Молодец тем временем неловко спешился и подошёл к бедным пленникам. Его спутники, не теряя времени, принялись поить разбойничьих коней и выигранных верблюдов.
Вода в серебряной фляге занзибарского принца была на удивление холодной и вкусной.
— Кто ты, наш нежданный спаситель? — Отец Учащегося протянул к темнолицему освобождённые руки. — Кто ты, от гибели избавитель? Были мы злодеями связаны, а ныне тебе жизнью обязаны! Ты ведь лучший на земле человек, нам не расплатиться с тобою вовек!
А монах промолчал…
— Вот уж нет, — сказал спаситель, не произнеся даже салам. — Прямо сейчас и расплатитесь. Считай, уже расплатились, так что между нами нет и тени неблагодарности…
Слуги занзибарского принца меж тем проверяли содержимое тюков на верблюдах, и сопровождалась проверка восторженными воплями, звоном монет и дорогой посуды.
— Смотри, нахуда, что я нашёл!
Принц сразу потерял всякий интерес к спасённым и устремился к новообретённой добыче.
— Что делает в сахре нахуда-судовладелец? — удивился брат Маркольфо и несколько раз подпрыгнул, чтобы привести в порядок затёкшие ноги.
— Этот не просто нахуда, — сказал Сулейман с некоторой даже гордостью. — Это сам Синдбад аль-Баххар, эмир мореплавателей. Вовремя они нам подвернулись, теперь мы, считай, с того света вернулись!
— Не вовремя, — тяжко вздохнул брат Маркольфо. — Ведь путы наши от страстных молитв ослабли настолько, что мы могли бы и сами…

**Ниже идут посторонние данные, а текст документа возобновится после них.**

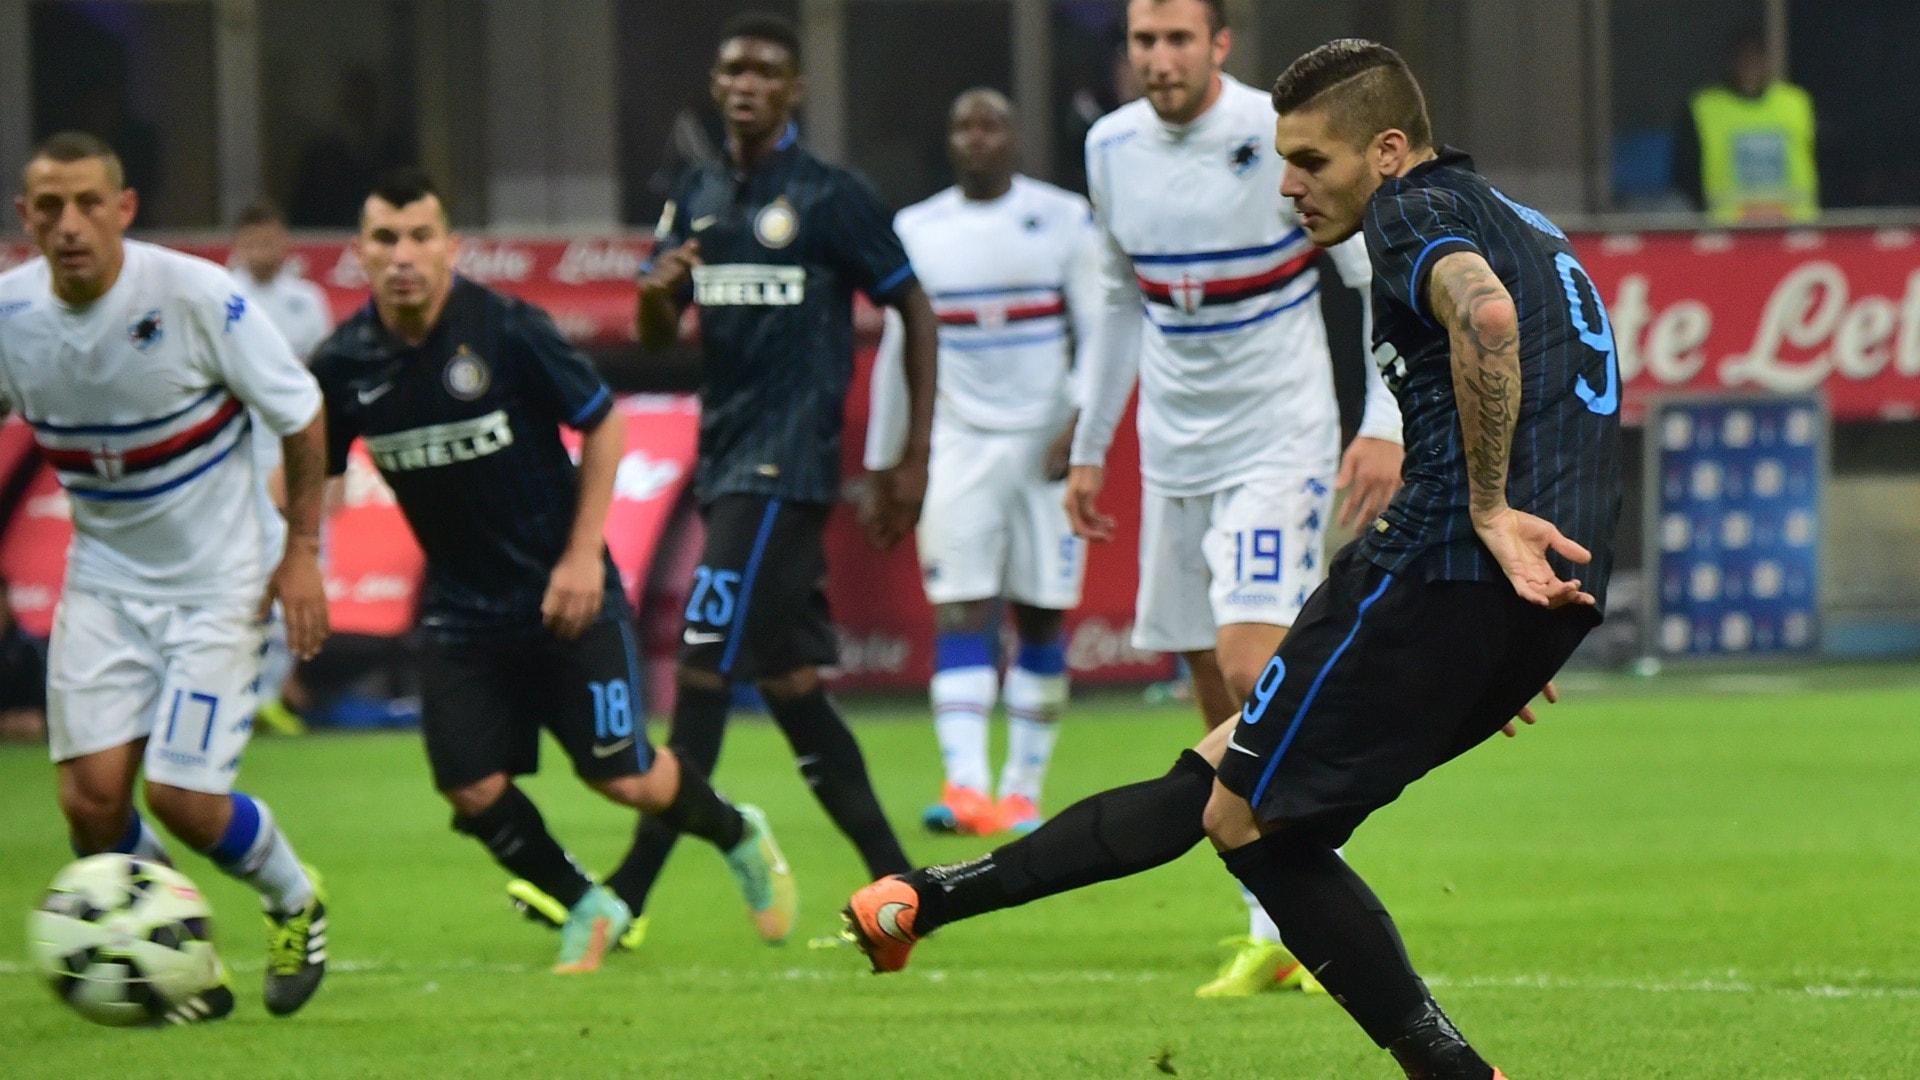 İnter Sampdoria Maçı

— Что ж ты молчал, ишак? — взвился поэт.
— От осла слышу, — буркнул бенедиктинец. — Я ж тебе толковал, а ты: «Полаем, полаем!» Вот и гавкнулось наше добро… Хотя… Может, я воззову к его совести? Может, устыдится меня, чужеземца?

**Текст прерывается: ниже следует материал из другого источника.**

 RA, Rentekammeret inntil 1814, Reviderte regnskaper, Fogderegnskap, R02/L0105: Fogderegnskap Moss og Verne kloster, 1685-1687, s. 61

Он решительно поднялся и твёрдым шагом направился к тому, кого поэт наименовал Синдбадом. Сам же обнажённый Отец Учащегося поспешил следом и стал яростно требовать у слуг хотя бы свою дорогую одежду. Один всё же над ним сжалился и предложил впромен свою — заурядную, походную, но ещё добрую.
— Чего тебе, бедолага? — соизволил наконец прославленный мореход обернуться к брату Маркольфо, неистово колотившему его в спину.

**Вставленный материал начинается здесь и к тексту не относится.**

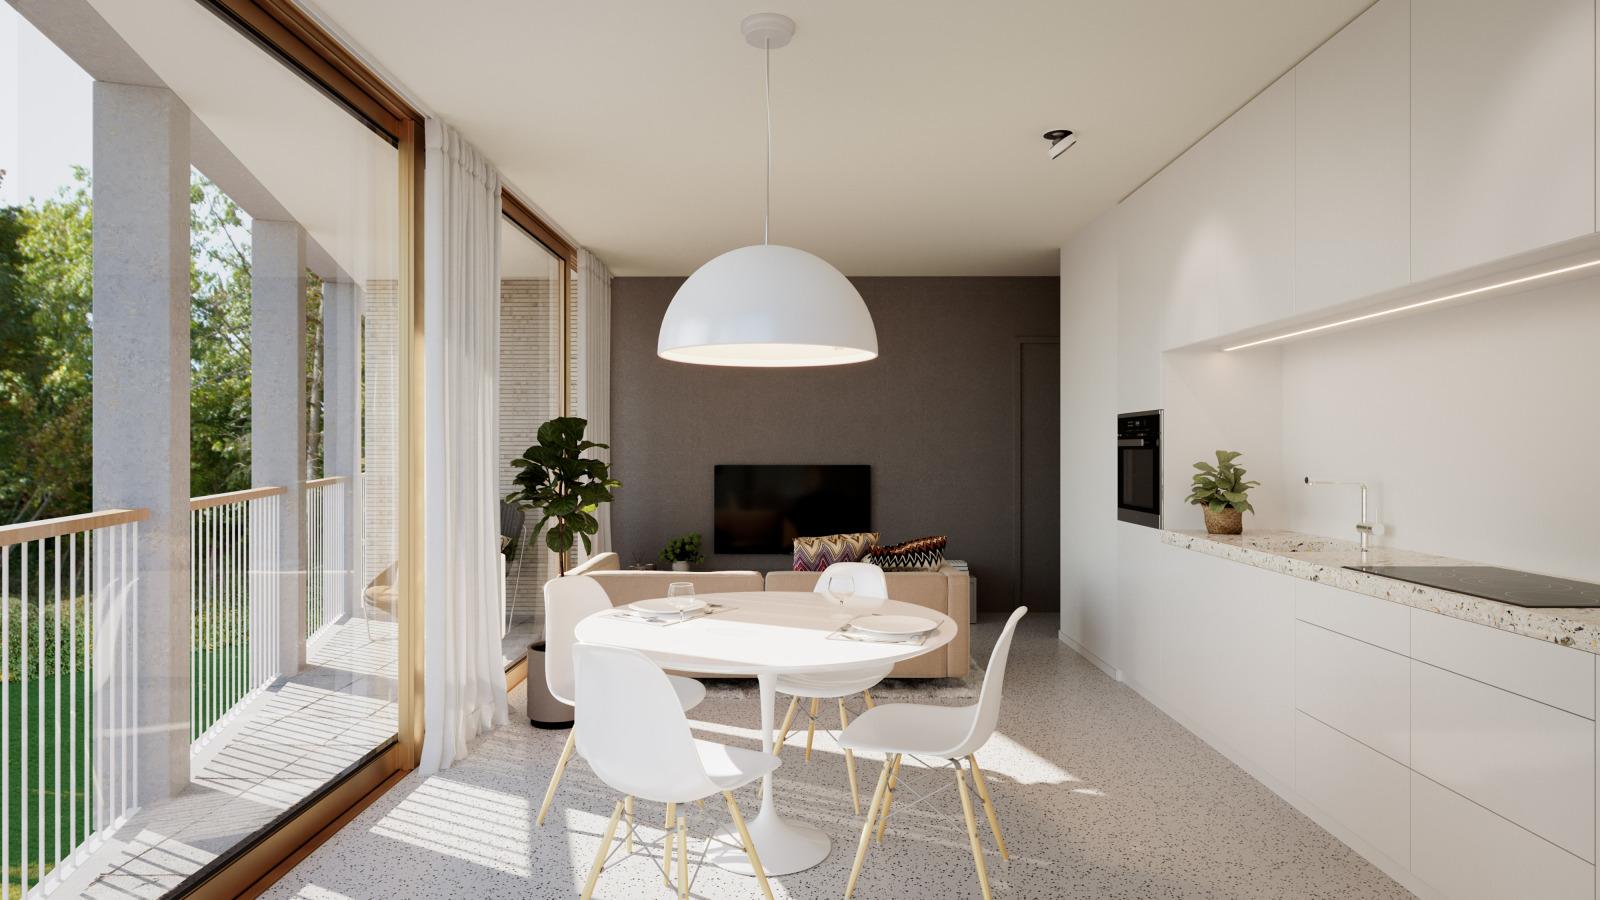 Nieuwbouw appartement op de eerste verdieping in prachtig binnengebied! afbeelding 1

— Синьор капитан, это не по-божески! — воскликнул монах. — Господь, конечно, воздаст вам за наше избавление, но не в таком же размере! Мы обрели своё добро с великим трудом, то и дело рискуя жизнью, а теперь вы решили нас в одночасье ограбить! Разве сие по закону? Чем вы лучше пирата, в таком случае?
— Самое дорогое у человека — это жизнь, гяур! — наставительно сказал Синдбад и ткнул пальцем в тусклый оловянный крест, видневшийся под рубищем. — Вот если бы я ничего не взял, сие было бы не по закону. Ибо существует морское право, фикх аль-бахр, и оно предписывает всякому честному моряку, спасшему терпящих кораблекрушение, забирать в награду весь груз спасённого корабля до последней трюмной крысы включительно. И ференги в Срединном море поступают так же… А пиратов-грабителей я и сам ненавижу, и утопил их столько, что это даже сказалось на уровне океана!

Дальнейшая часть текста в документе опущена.